- Native name: Ovkhoyn Shain
- Allegiance: Khazar Khaganate
- Branch: Army
- Service years: ?–736
- Rank: Commander of the Aukhs
- Conflicts: Second Arab–Khazar War Marwan's invasion of Khazaria Siege of Khasni–Khisnumma; Siege of Keshen; ; ;

= Aguk Shagin =

Aguk Shagin (Note: Агук Шагин; Ӏовхойн ШаӀин; also spelled Aukhovsky Shagin, Shagin Aguku or Shain Aukharu) was a Chechen commander during the Second Arab–Khazar War and the chieftain of the Chechen region of Aukh until his capture in 736.

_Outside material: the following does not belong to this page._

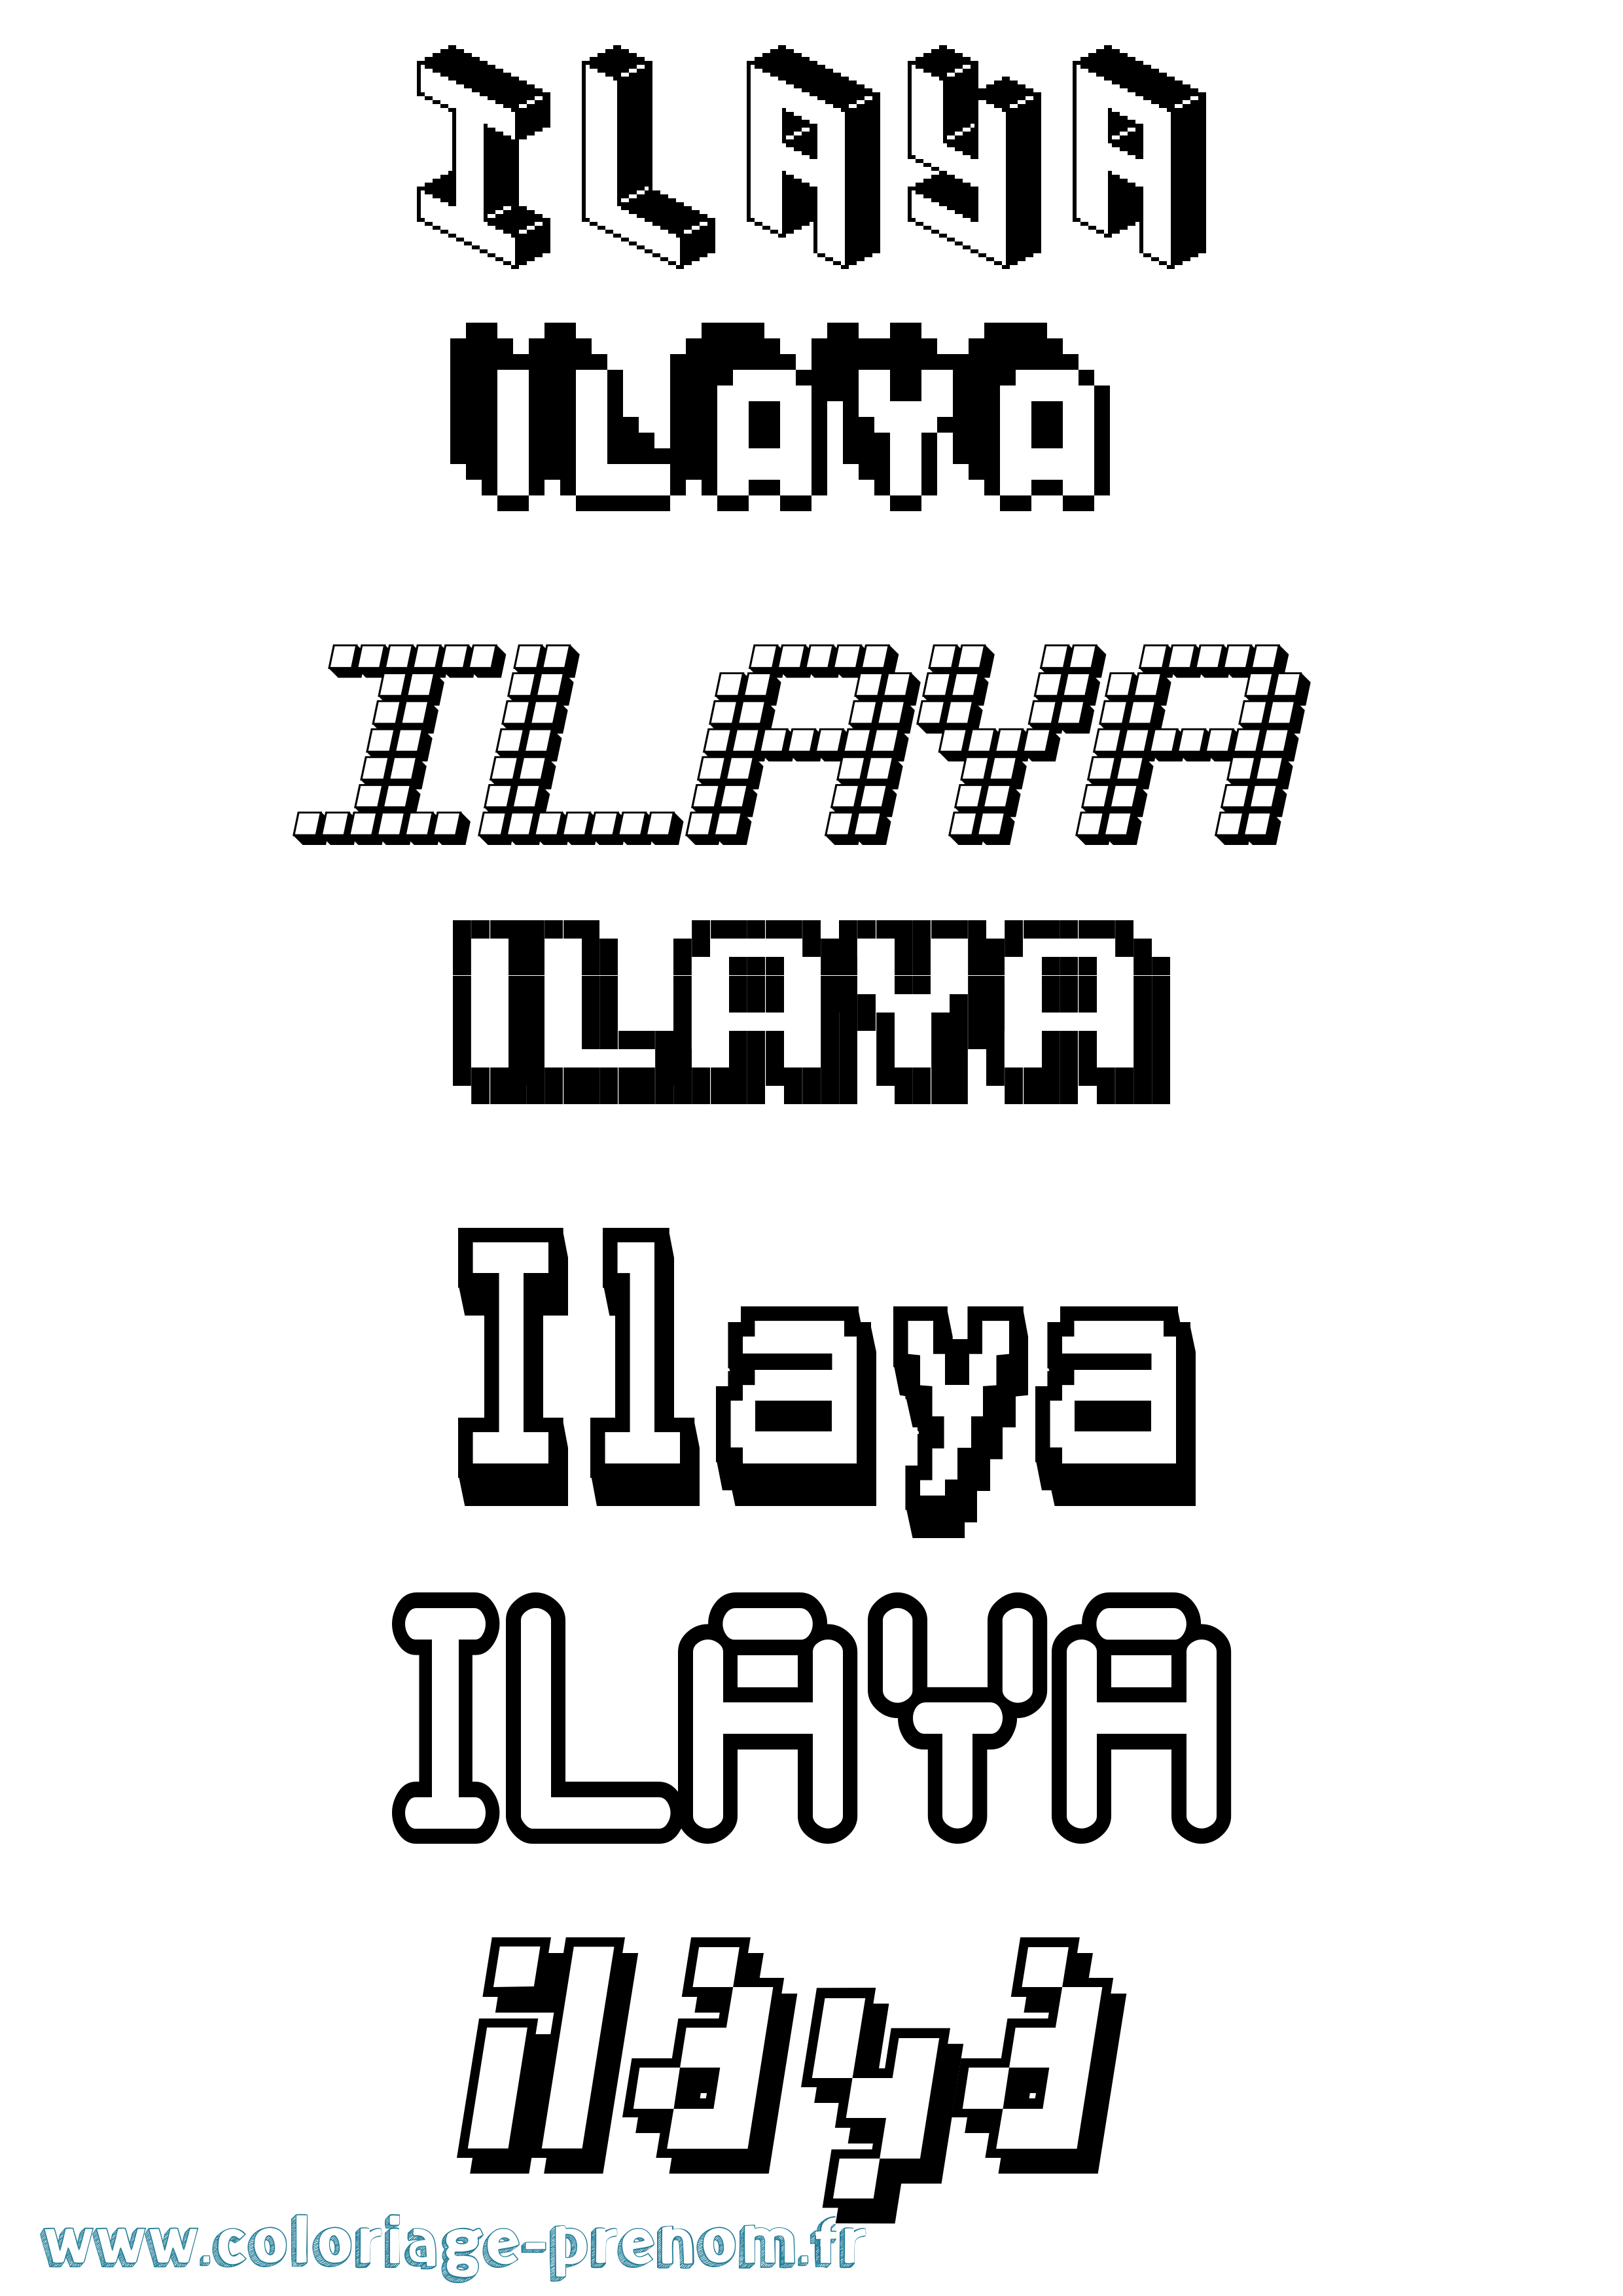 Coloriage prénom Ilaya Pixel

Shagin was the commander of the Aukh detachments in the Khazar army, and, according to Aidayev, one of the most important generals in the Khazar army. The Aukhs had already positive diplomatic and economical ties with the Khazar Khaganate, as evidenced by excavations on the outskirts of the village Novokuli. (Note: Новокули; ГӀачалкъа)

Between the years 735–736, the Aukhs, led by Shagin, waged a fierce struggle against the invading Arab armies of Marwan II, who was invading the Khazar Khaganate. The Arabs first besieged and captured the fortress of Khasni–Khisnumma (Note: Хазар–Kала; ГӀазар–ГӀала) and then advanced on the Aukh fortress Keshen (Note: Чапаево; Кешен–Эвла) and besieged it, which also succumbed to the Arab forces. Aguk Shagin himself was captured during the attack on Keshen and his later life is unknown.

Following the successful campaign in Aukh, the Arab army continued their punitive expedition into the rest of modern–day Chechnya between 736 and 738.